Too tired to go into too much detail. Of course, I start a lot of my posts saying that. \:\)

The wife and I had a short conversation that maybe it was better not to take the girls to the funeral. I'm decided to leave for Laredo Saturday night. After getting D7 to my parents, I find out my sister is off on Monday, so she offered to take care of the kids until getting them off to school on Monday, so that I could stay for the funeral. So I take off for Laredo at about 6pm Saturday. The wife had called me as I was getting ready at the house and I told her my plans. She said to just call her when I get in. I can bunk with her and her sister in the room.

When I finally get there, the wife is making plans to go eat with some family and is inviting me. She is holding her cousin's two year old. The wife and I got a thing for babies. She is showing him to me and I'm right there caressing the baby and we are both saying how beautiful the baby is. We are telling each other.

"OOhhhhh. I love him. This is just what I needed. I big hug."

In the room, I find out that SIL had intended to only stay Friday and leave first thing Saturday morning, but she changed her mind to be there for her sister. But she brought not clothes with her. She wants to just drive back to San Antonio, pick up some clothes and come right back. Maybe 5 hours round trip. She only spent $10 in gas to get there, so she figured it was cheaper than buying new clothes. She says she is broke though. The wife too. She says that her and my wifes account is like down to nothing. I give her $20 for gas and I go meet wife downstairs.

She is faxing something to the funeral home. Standing there with her, she takes a call.

"Hi.....going out to eat with some family.....yeah.....I'm ok.......ok......I'll call you later.......yes, I'll call you later........I'll talk to you later.......yes, Roger is here........I'll call you later."

Nice start. Could only one person.

I offer to drive to the Micky D that the cousin wants to go to. Just her and I. I tell her that SIL decided to to get clothes so I gave her $20.

"What? Why did you give her $20?"
"She said she was broke. That both of you were broke."
"I was going to pull out some money to give her. And why was she telling you that? Why did that come up in conversation."
"I'm not even sure" I tell her.

Man, her defenses were up quick.
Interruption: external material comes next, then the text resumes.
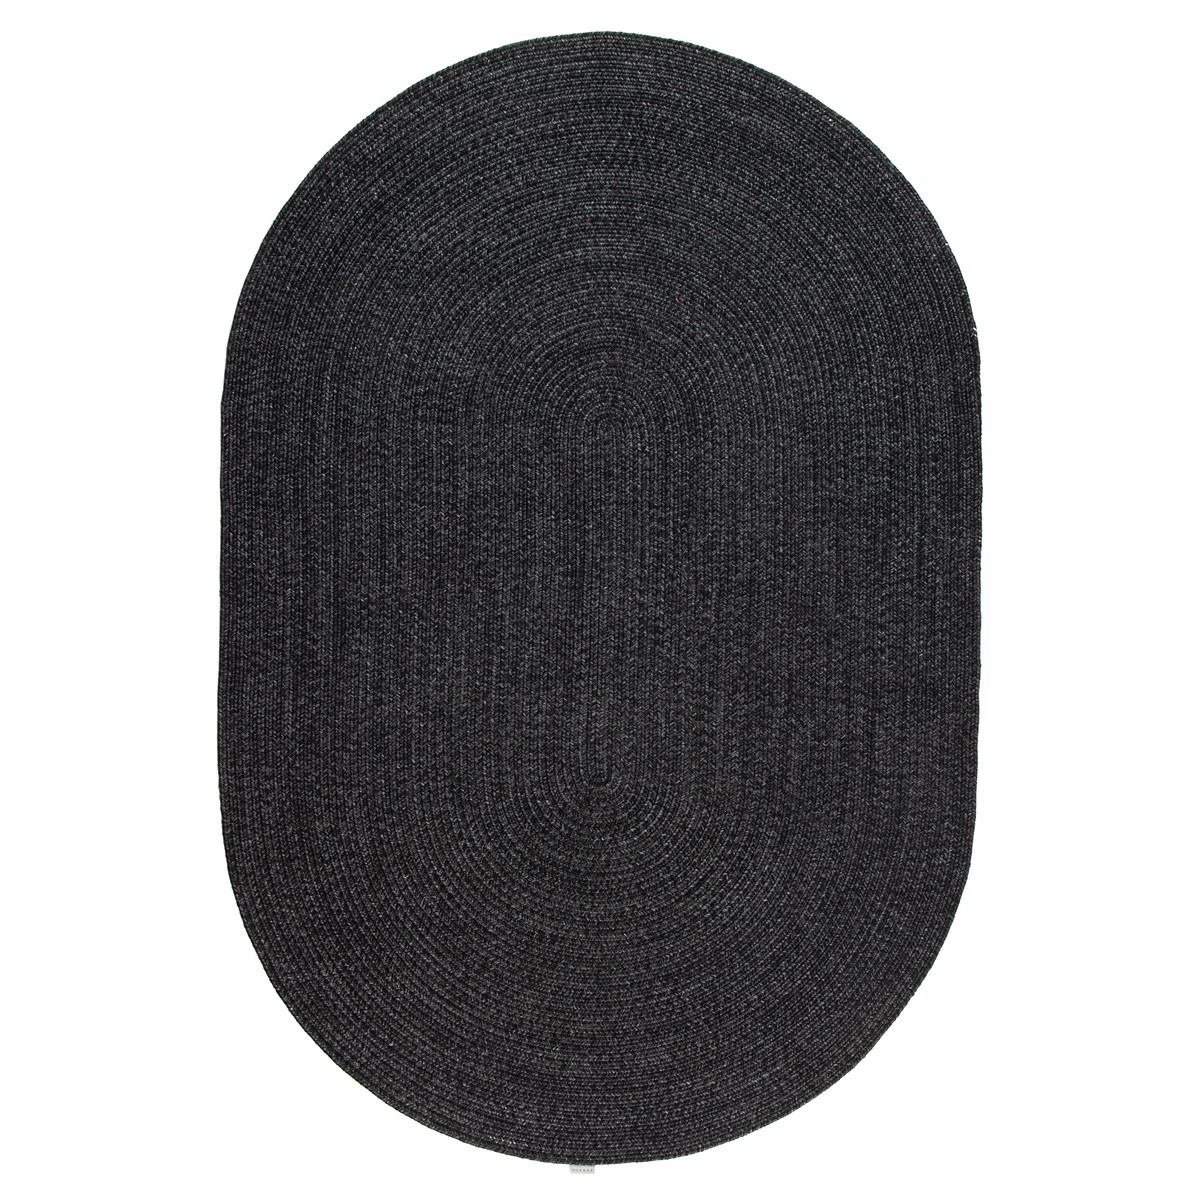 Tapis de salon en Polypropylène Gris anthracite 120x120 cm

She tells me to go on in, she is going to call her sister. I play it cool. I leave her outside and go in and order an ice cofee. She follows about 5 minutes later. She asks if I ordered. I say I just wanted a coffee.

"Are you hungry. Do you want to order something?" she ask me.
I look at her dead in the eye, "I just wanted a coffee." I repeated again. We go sit down with her young cousins family. I have lot of fun with his 4 year old son. We are talking super hero's. Doing this helped the thaw, I think. They finish their meal and we end up going back. The drive was quiet. Uncomfortable. Like I didn't really know what to say. I think I was still kinda shocked that she took OM's call in front of me. Like she was trying to purposely send a message to me.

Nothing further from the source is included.